定時器 timerfd 是什麼？

timerfd 長什麼樣子？

什麼是 timerfd ？這是跟時間有關係的 fd 類型，通常叫做定時器 fd ，先去看一下 timerfd 的樣子吧。我在 Linux 的機器上找了一個 open 了 timerfd 的進程，如下：

root@ubuntu:~# ll /proc/6997/fd/
...
lrwx--- 1 root root 64 Aug 10 14:13 3 -> anon_inode:[timerfd]

root@ubuntu:~# cat /proc/6997/fdinfo/3 
pos: 0
flags: 02
mnt_id: 11
clockid: 0
ticks: 0
settime flags: 01
it_value: (0, 969820149)
it_interval: (1, 0)

通過 proc fs 通過 /proc/${pid}/fd/ 可以看到進程打開的句柄。這裏看到挺關鍵的信息：anon_inode:[timerfd]，說明 timerfd 綁定的是匿名 inode。

通過 /proc/${pid}/fdinfo/ 可以看到句柄的展示信息。

clockid：時鐘類型；
ticks：超時次數；
settime flags：這個是 timerfd_settime 的參數；
it_value：定時器到期還剩多少時間；
it_interval：超時間隔；

timerfd 是什麼？

timerfd 這個名字拆開來看，就是 timer fd，所謂定時器 fd 類型，那麼它的可讀可寫事件一定是跟時間有關係。timerfd 被 new 出來之後（ timerfd_create ），可以設置超時時間（ timerfd_setting ），超時之後，該句柄可讀，讀出來的是超時的次數。

文件句柄，網絡句柄都是可以 read/write/close 的，timerfd 可以做什麼？

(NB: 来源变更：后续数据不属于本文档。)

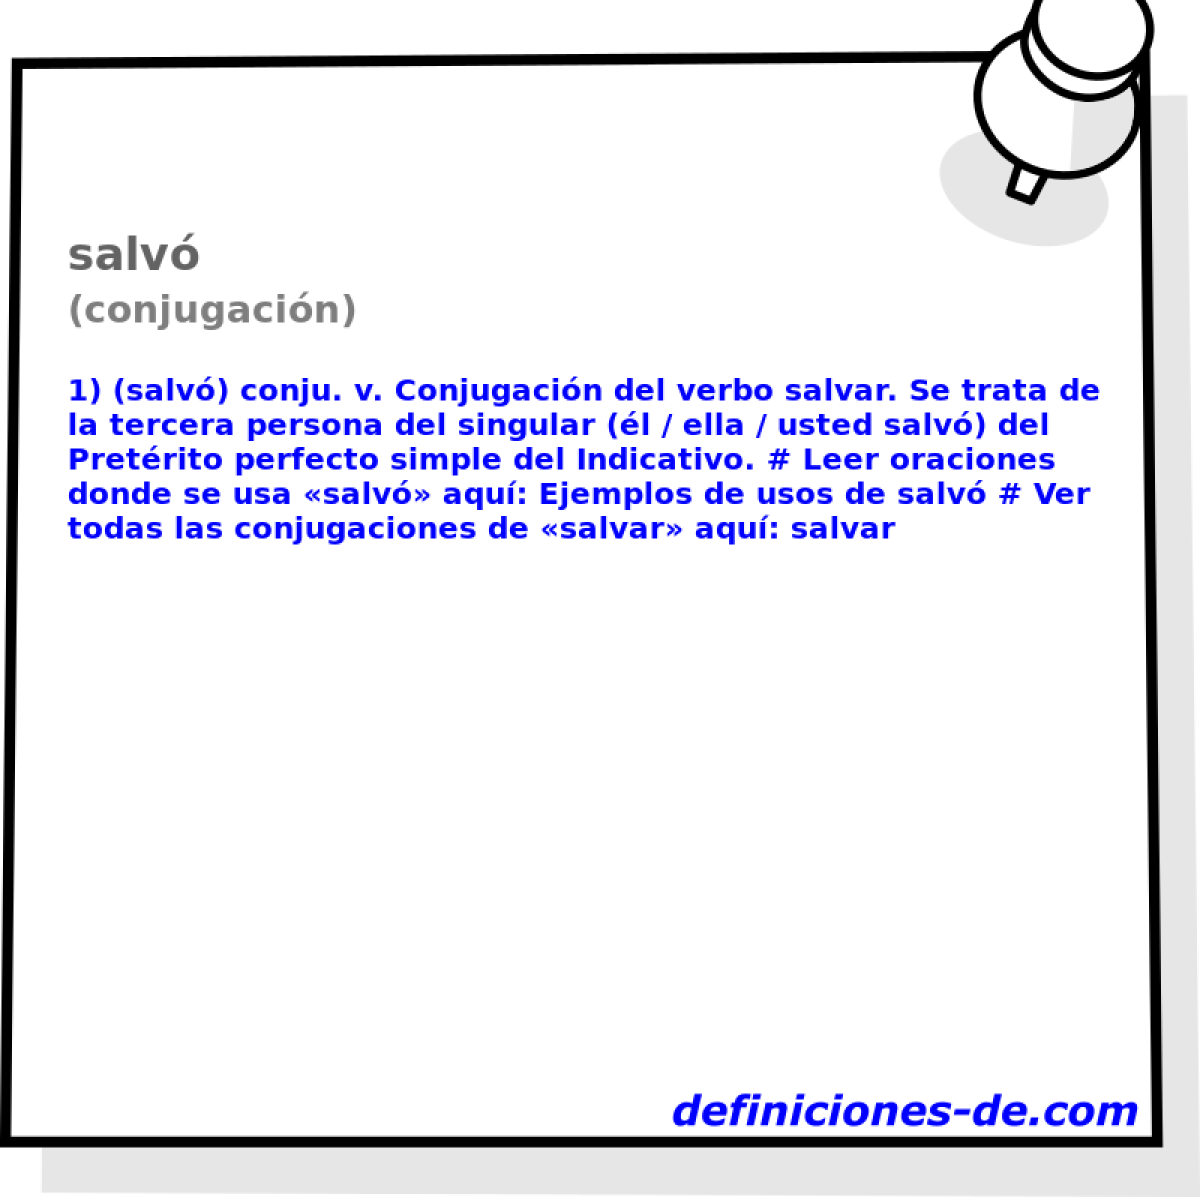 salv (conjugacin)

timerfd 可以 read，poll，close ，這個從內核實現的接口可知：

// fs/timerfd.c
static const struct file_operations timerfd_fops = { 
    .release    = timerfd_release,
    .poll       = timerfd_poll,
    .read       = timerfd_read,
    .show_fdinfo    = timerfd_show,
    // ...
};

定時器句柄 timerfd 的實現就內聚在 fs/timerfd.c 一個文件。還記得上面 cat /proc/${pid}/fdinfo/ 裏面展示的信息嗎？就是 timerfd_show 負責展示的。

timerfd 的使用姿勢？

涉及到 timerfd 的系統調用有 3 個，函數原型如下：

// 創建一個 timerfd 句柄
int timerfd_create(int clockid, int flags);
// 啓動或關閉 timerfd 對應的定時器
int timerfd_settime(int fd, int flags, const struct itimerspec *new_value, struct itimerspec *old_value);
// 獲取指定 timerfd 距離下一次超時還剩的時間
int timerfd_gettime(int fd, struct itimerspec *curr_value);

timerfd 常用來做定時器的使用，設置超時時間之後，每隔一段時間 timerfd 就是可讀的。使用 man timerfd_create 就能查看到完整的文檔，有一個 c 語言的示例，簡要看下這個例子：

int main(int argc, char *argv[]) {
    // 第一次超時時間
    new_value.it_value.tv_sec = now.tv_sec + atoi(argv[1]);
    new_value.it_value.tv_nsec = now.tv_nsec;
    // 設置超時間隔
    new_value.it_interval.tv_sec = atoi(argv[2]);
    new_value.it_interval.tv_nsec = 0;
    // 創建 timerfd
    fd = timerfd_create(CLOCK_REALTIME, 0);
    // 設置第一次超時時間和超時間隔
    if (timerfd_settime(fd, TFD_TIMER_ABSTIME, &new_value, NULL) == -1)
    // 定時器循環
    for (tot_exp = 0; tot_exp < max_exp;) {
        // read timerfd，獲取到超時次數
        s = read(fd, &exp, sizeof(uint64_t));
        // 累計總超時次數
        tot_exp += exp;
        // 打印超時次數的信息
        printf("read: %llu; total=%llu\n", (unsigned long long) exp, (unsigned long long) tot_exp);
    }
}

這個例子做的事情：

通過 timerfd_create 獲取到一個句柄之後，使用 timerfd_settime 設置超時時間並啓動內核定時器；
後續使用 read 來讀數據，timerfd 沒超時之前 read 會阻塞到，直到內核定時器超時之後 read 纔會返回，這樣就達到了一個定時的效果；

上面例子相當於每隔一段時間 sleep 一下，然後打印一行信息，週期運行，這就是 timerfd 官方最簡單的例子。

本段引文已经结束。